O inferno na terra, não? Para os pais, para os filhos, para os parentes
próximos, para amigos da família.
Pois bem. Foram divulgados dados de uma pesquisa
realizada pelo Instituto Patrícia Galvão, com 3.155 gestantes de todas as
regiões do país no intuito de mapear as demandas das grávidas brasileiras e
identificar como elas têm lidado com o vírus zika, que motivou a declaração de
emergência internacional em saúde. O projeto tem o apoio da ONU Mulheres e da
Fundação Ford. A informação que mais me chamou a atenção foi o fato de cerca de
um quarto das entrevistadas acreditar que a prevenção
não é de grande valia, pois é Deus quem decidirá se o bebê terá microcefalia.

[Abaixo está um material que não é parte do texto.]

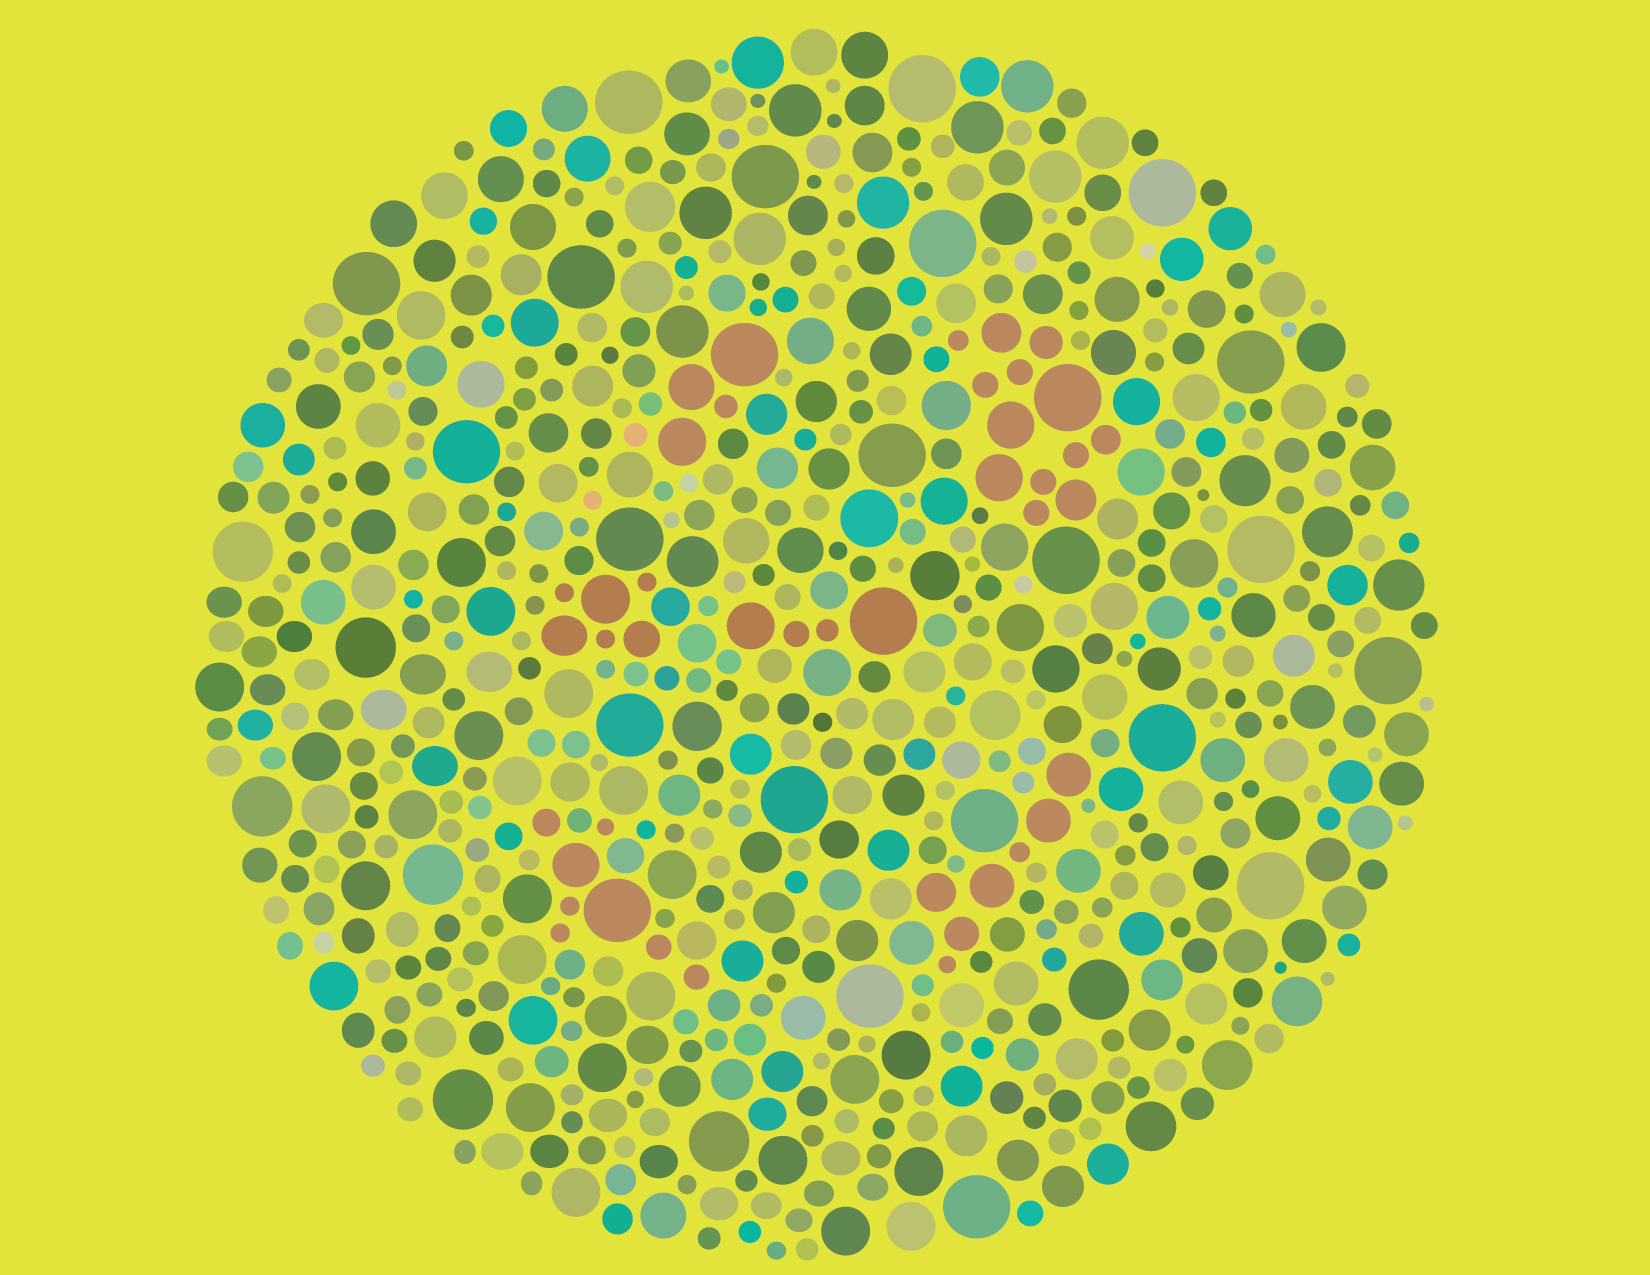 Reverse color blind test images.

41% das entrevistadas têm, no mínimo, ensino superior, prova de que o
alienamento da realidade não tem relação direta com o menor ou maior grau de
educação formal.
É revoltante testemunhar o quanto a
sociedade brasileira, no rastro do que vem acontecendo em outras partes do
mundo, mergulha cada vez mais profundamente em narrativas sacralizadas descoladas
da realidade sensível. De nada adiantam os avanços no conhecimento científico
aplicado à medicina porque, ao fim e ao cabo, o arbítrio está nas mãos de
alguém ou algo que não se vê e a quem é dado o poder de vida e morte. De nada
adiantam campanhas de prevenção e profilaxia, responsabilizando a cada um nós por
atitudes que contribuem ou não para o controle ou descontrole da epidemia de
uma doença, a zika, que há muito deveria estar extinta. Lavar as mãos em nome
da tutela de um pai-padrasto que pune ou recompensa de acordo com critérios
obscuros, infantilizar-se é, no mínimo, expressão de covardia atroz com quem
ainda não pode se defender.
Ouvi, certa vez, um rabino dizer que mesmo
os bebês judeus assassinados nas câmaras de gás dos campos de extermínio
nazistas mereciam, de uma forma ou de outra, a partir do julgamento “divino”, a
punição. As razões serão para sempre desconhecidas, mas o ditador celestial
(magnífica expressão de Christopher Hitchens) não se equivoca, manda quem pode,
obedece quem tem juízo. As gestantes que responderam não acreditar muito na
prevenção humana contra a aquisição de microcefalia pelos próprios filhos têm,
se não com as mesmas palavras e o mesmo teor ideológico, o mesmo discurso do
rabino. Não há o que fazer, o destino já foi traçado, só nos resta a
resignação.
Quem, conscientemente, dotado de todas as
faculdades mentais, sem microcefalia, ESCOLHE
abdicar do livre-arbítrio em nome de um poder sobrenatural opressor?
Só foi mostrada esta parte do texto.